③xr13:12=tr7:6||tr7:6=xr13:12||yr11:10=zr9:8||zr9:8=yr11:10

J+1 is assigned to j by step 10.6；And judge whether j > K are true, if so, then complete the transposition of result of calculation It resets；Otherwise, return to step 10.3；Table four gives the result finally reset in the present embodiment.

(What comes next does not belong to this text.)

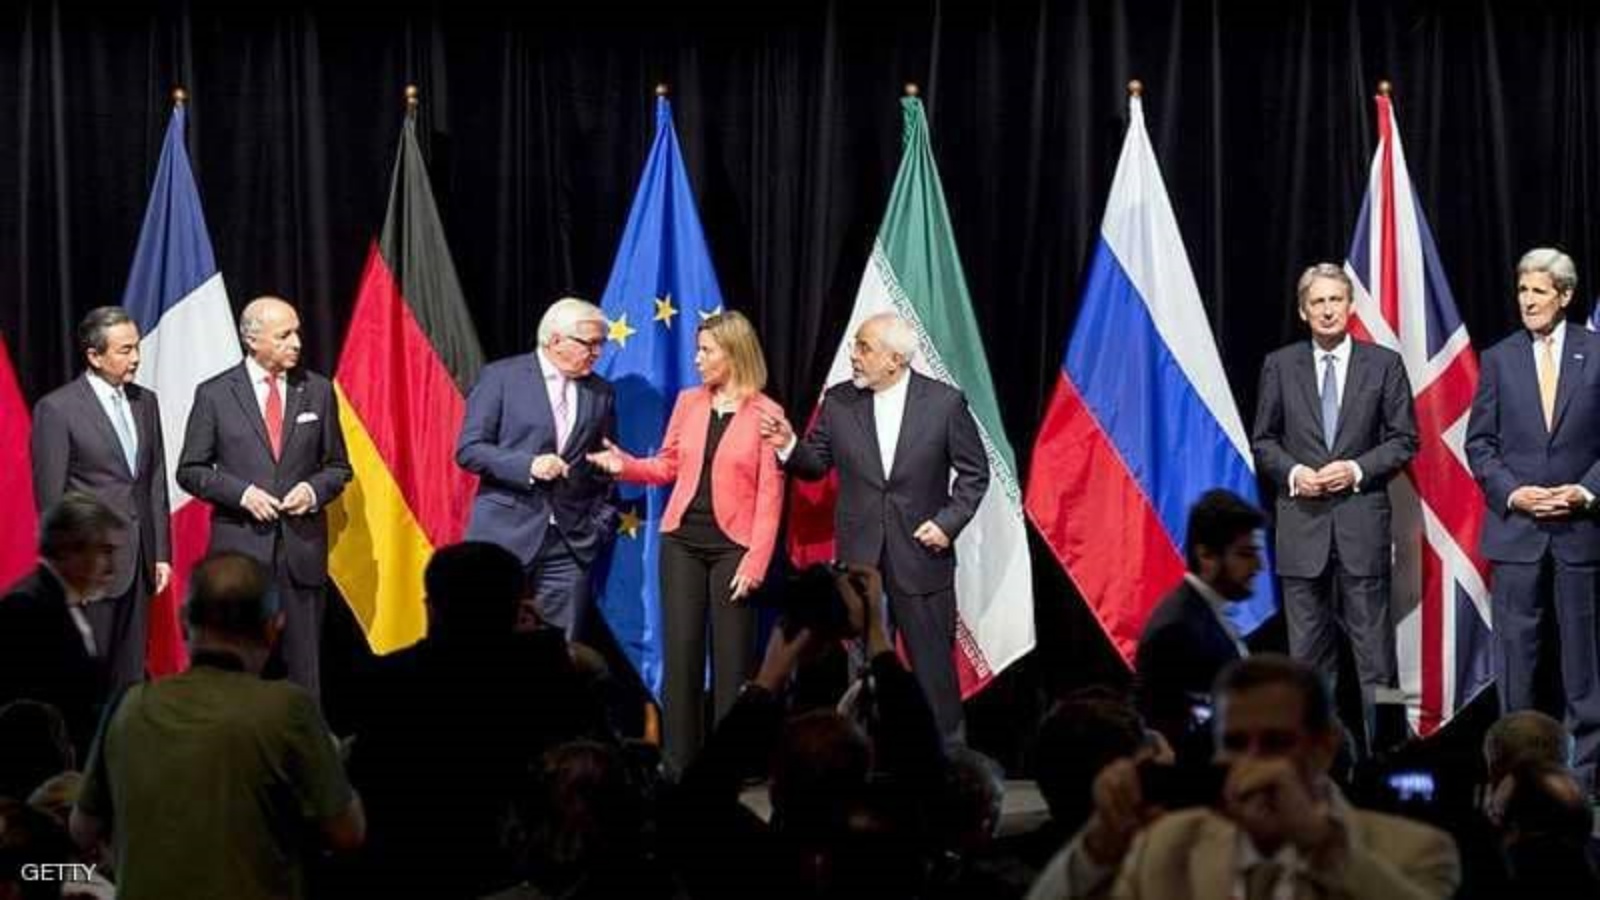 الصورة بعد توقيع الاتفاق النووي الايراني مع دول خمسة زائد واحد عام 2015

Table four simulates the result after macro transmission

	Macro 1	Macro 2	Macro 3	Macro 4
					r6	0	4	8	12
r7	1	5	9	13
					r8	2	6	10	14
r9	3	7	11	15

Claims

1. the FFT floating-point optimization methods of a kind of Parallel I of the grade based on instruction LP and parallel DLP of data level, it is characterized in that by following step It is rapid to carry out：

Step 1 assumes that the length for the FFT input vectors to be calculated is M, determines that the iteration number of plies is N according to the length M；Its Middle M=2^N；M, N is positive integer, and N >=6；Define iteration number of plies N first four layers are in-degree layer, during layer 5 is to N-2 layers Interbed；N-1 layers are out-degree layer with n-th layer；

Step 2 is instructed using position inverted sequence, and the FFT input vectors inverted sequence is read in register, and will be corresponding to in-degree layer FFT twiddle factors be read into corresponding register；

Step 3 carries out the calculating of in-degree layer butterfly to the FFT input vectors and FFT twiddle factors that are stored in register, and what is obtained enters It spends in layer result of calculation deposit temporarily providing room；

N -4 is assigned to n by step 4；

Step 6, from the temporarily providing room read in-degree layer result of calculation with N-n+1 layers corresponding to twiddle factor and progress Butterfly calculates, and obtains in N-n+1 layers of result of calculation covering storage to input vector space；

Step 8 reads the twiddle factor corresponding to result of calculation and N-n+1 layers to N-n+5 layers from the temporarily providing room And butterfly calculating is carried out, it obtains in result of calculation covering storage to the temporarily providing room；

Step 10 is operated by simulating macro transmission, the result of calculation transposition in the temporarily providing room is reset, and read out-degree In twiddle factor to corresponding register corresponding to layer；

There are K execution is macro for step 10.1, definition processor, wherein i-th of execution is macro to be denoted as P_i；1≤i≤K；K is positive integer； Continuous K rows are then instructed to macro transmission operational group of simulation as a K × K；

Step 10.2, initialization j=1；

Step 10.3, initialization i=1；

Step 10.4 executes macro P by i-th in the instruction of jth row_iInterior data store (i+j-1) modK into the instruction of jth row It is a to execute macro P_(i+j-1)modKIt is interior；Thus by the difference of the same data point reuse for executing macro middle different instruction row to corresponding instruction row Execute it is macro in；1≤j≤K；

I+1 is assigned to i by step 10.5；And judge whether i > K are true, if so, then follow the steps 10.6；Otherwise, it returns Step 10.4；

J+1 is assigned to j by step 10.6；And judge whether j > K are true, if so, the transposition for then completing result of calculation is reset； Otherwise, return to step 10.3；

Step 11 carries out the calculating of out-degree layer butterfly to the result of calculation after transposition rearrangement and the twiddle factor corresponding to out-degree layer, It obtains in out-degree layer result of calculation storage to output memory headroom；To complete FFT floating-point optimization methods.